Никто не мог понять, что случилось. Ни единой записи о том, что Джордан когда-либо переступал порог лаборатории. Все были сбиты с толку, пытались хоть как-то разобраться. Может, мне стоило заняться чем-то другим, но эта загадка не давала мне покоя. Я постарался отыскать Джордана, узнать, что с ним сталось, куда он делся, и выяснил поразительную вещь. Та автокатастрофа – оказалось, что он на самом деле погиб в ней вместе со своей женой, пятнадцать лет назад.
По стеклу с едва слышным стуком забарабанил дождь. Слейд вернулся и снова сел на пуфик для ног.
– Думаю, я первым догадался, что произошло. Я понял, что сознание Джона Джордана каким-то образом перенеслось назад, в то воспоминание. Конечно, наверняка мы никогда не узнаем, однако полагаю, дезориентированный возвращением, он только усугубил тяжесть аварии, и на этот раз она унесла жизни их обоих.
Хелена поднимает взгляд от коврового покрытия, с которого не сводила глаз, пытаясь осознать весь ужас откровений Слейда.
– И что же ты сделал, Маркус?
– Я был сорокашестилетним неудачником с наркозавимостью, зря растратившим свою жизнь. Я испугался, что ты уничтожишь свое изобретение, если поймешь, на что оно способно.
– Что ты сделал?
– Через три дня, вечером пятого ноября, я пришел в лабораторию и загрузил в устройство реактивации одно из своих собственных воспоминаний. Потом забрался в капсулу и вколол себе смертельную дозу хлористого калия. Боже, по моим венам будто огонь потек! Худшей боли я в жизни не испытывал. Сердце остановилось, и после выброса ДМТ мое сознание вернулось в момент, когда мне было двадцать. Так началась новая линия времени, отделившаяся от изначальной в тысяча девятьсот девяносто втором.
– Для всего мира?
– Очевидно.
– И в ней мы сейчас и живем?
– Да.
– Что случилось с той, первоначальной?
– Я не знаю. Мои воспоминания о ней стали серыми и призрачными.
– Значит, они у тебя сохранились? Память о той жизни, в которой ты был моим сорокашестилетним ассистентом?
– Да. Они перенеслись сюда вместе со мной.

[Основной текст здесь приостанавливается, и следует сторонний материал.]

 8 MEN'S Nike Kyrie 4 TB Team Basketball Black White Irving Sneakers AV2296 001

– Почему же у меня их нет?
– Ни у меня, ни у тебя не было воспоминаний о текущем эксперименте, пока не наступил тот самый момент, когда Рид умер в капсуле и перенесся назад, туда, где ему делают татуировку. Только тогда память и сознание из предыдущего варианта развития событий, где ты пыталась разбить стекло стулом, проскользнули в этот, нынешний.

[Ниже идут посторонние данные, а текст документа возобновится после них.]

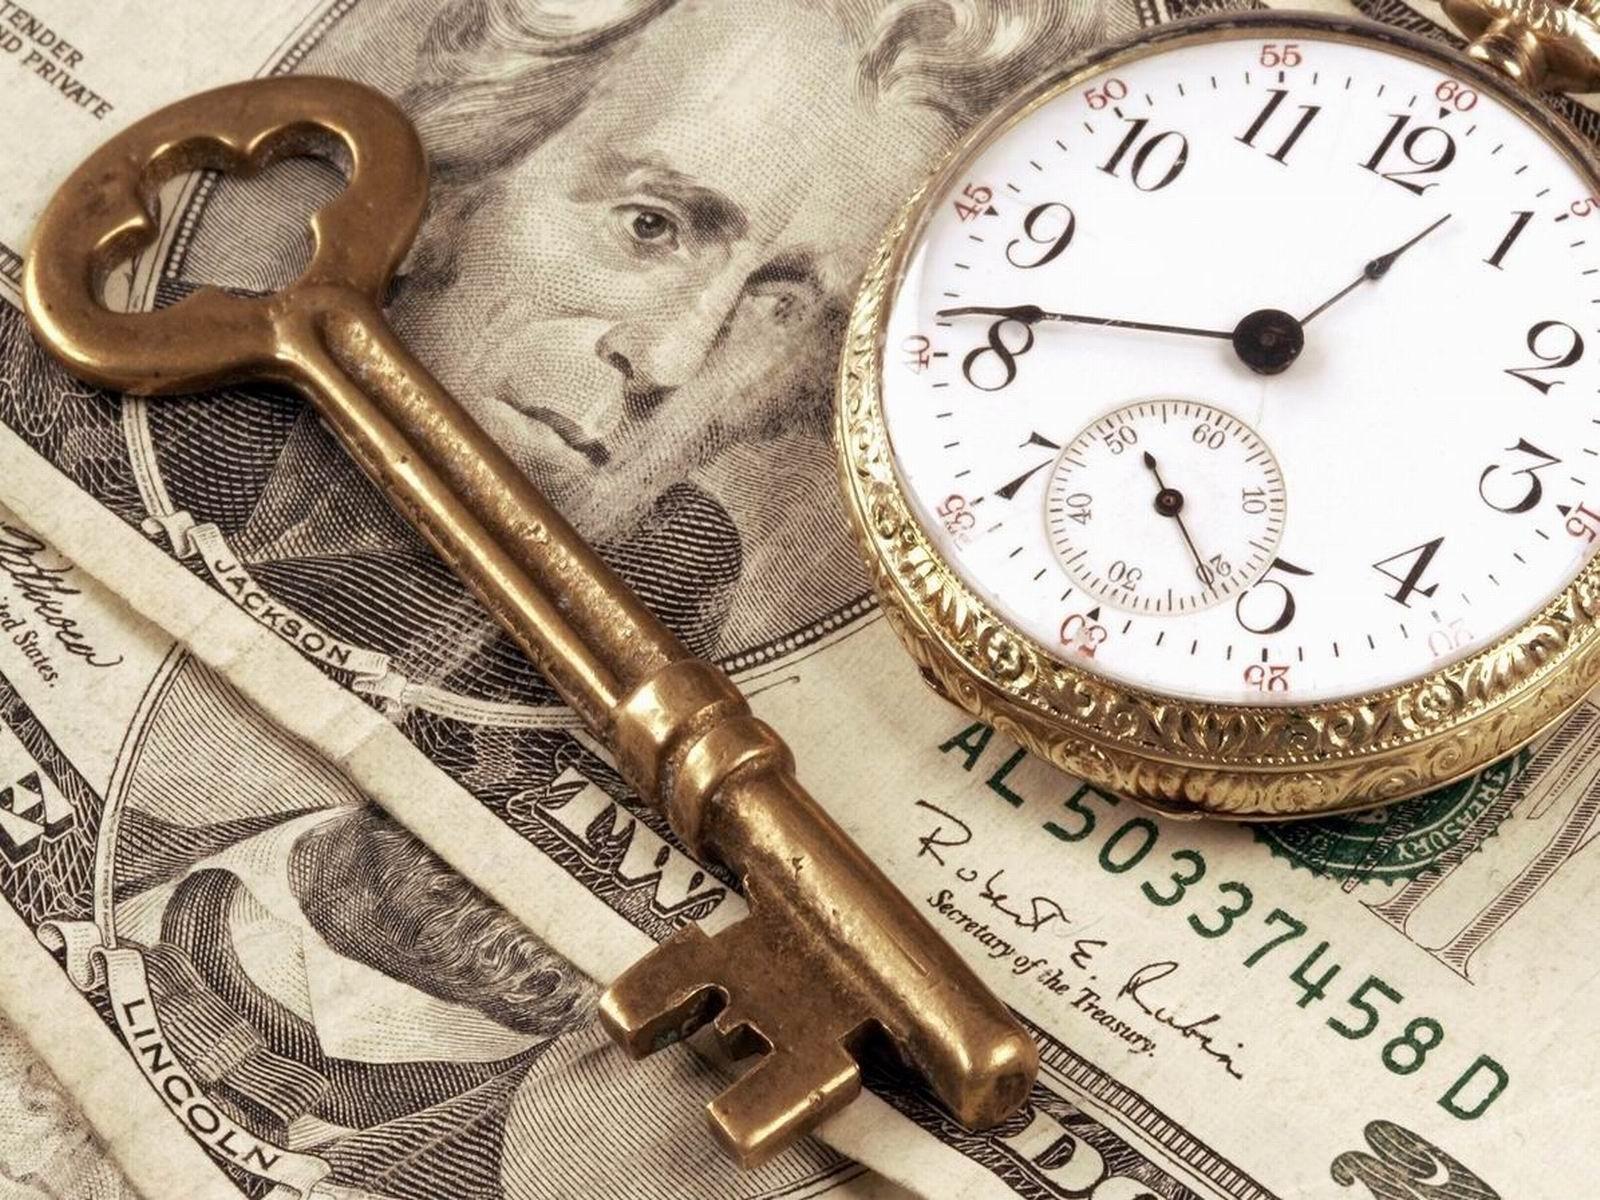 Сколько времени занимает оформление сделки купли продажи квартиры и все

– То есть через девять лет, пятого ноября две тысячи восемнадцатого, я вдруг вспомню ту, другую свою жизнь?
– Думаю, да. Изначальная линия времени вольется в эту, и у тебя возникнут два набора воспоминаний – живой, настоящий и мертвый, призрачный.
Дождь льется по стеклу, размывая мир за ним.
– Я нужна была тебе, чтобы снова создать кресло.
– Да, это правда.
– Со своим знанием будущего ты построил в этой линии времени бизнес-империю и заманил меня неограниченным финансированием, как только я добилась первых успехов в Стэнфорде.
Слейд кивает.
– Теперь ты мог полностью контролировать процесс и использовать кресло, как сочтешь нужным.
Молчание.
– То есть ты с самого начала пристально следил за мной.
– Ну, думаю, это некоторое преувеличение…
– Извини, разве мы не на старой нефтяной платформе посреди Тихого океана, которую ты переоборудовал специально и исключительно для меня?
Слейд берет бокал с шампанским и допивает остатки.
– Ты украл у меня мою жизнь – ту, другую.
– Хелена…
– У меня был муж? Дети?
– Ты правда хочешь знать? Какая теперь разница? Ничего этого не существовало.
– Ты чудовище!
Порывисто встав, она отходит к окну и смотрит на тысячу оттенков серого за стеклом – океан вблизи и вдали, разные слои облаков, надвигающийся штормовой фронт… За последний год эта каюта все больше и больше казалась похожей на тюрьму, но никогда так сильно, как сейчас. Горячие, злые слезы текут по щекам – Хелена осознает, что сюда ее завели собственные саморазрушительные амбиции. И теперь, и тогда, в 2018-м…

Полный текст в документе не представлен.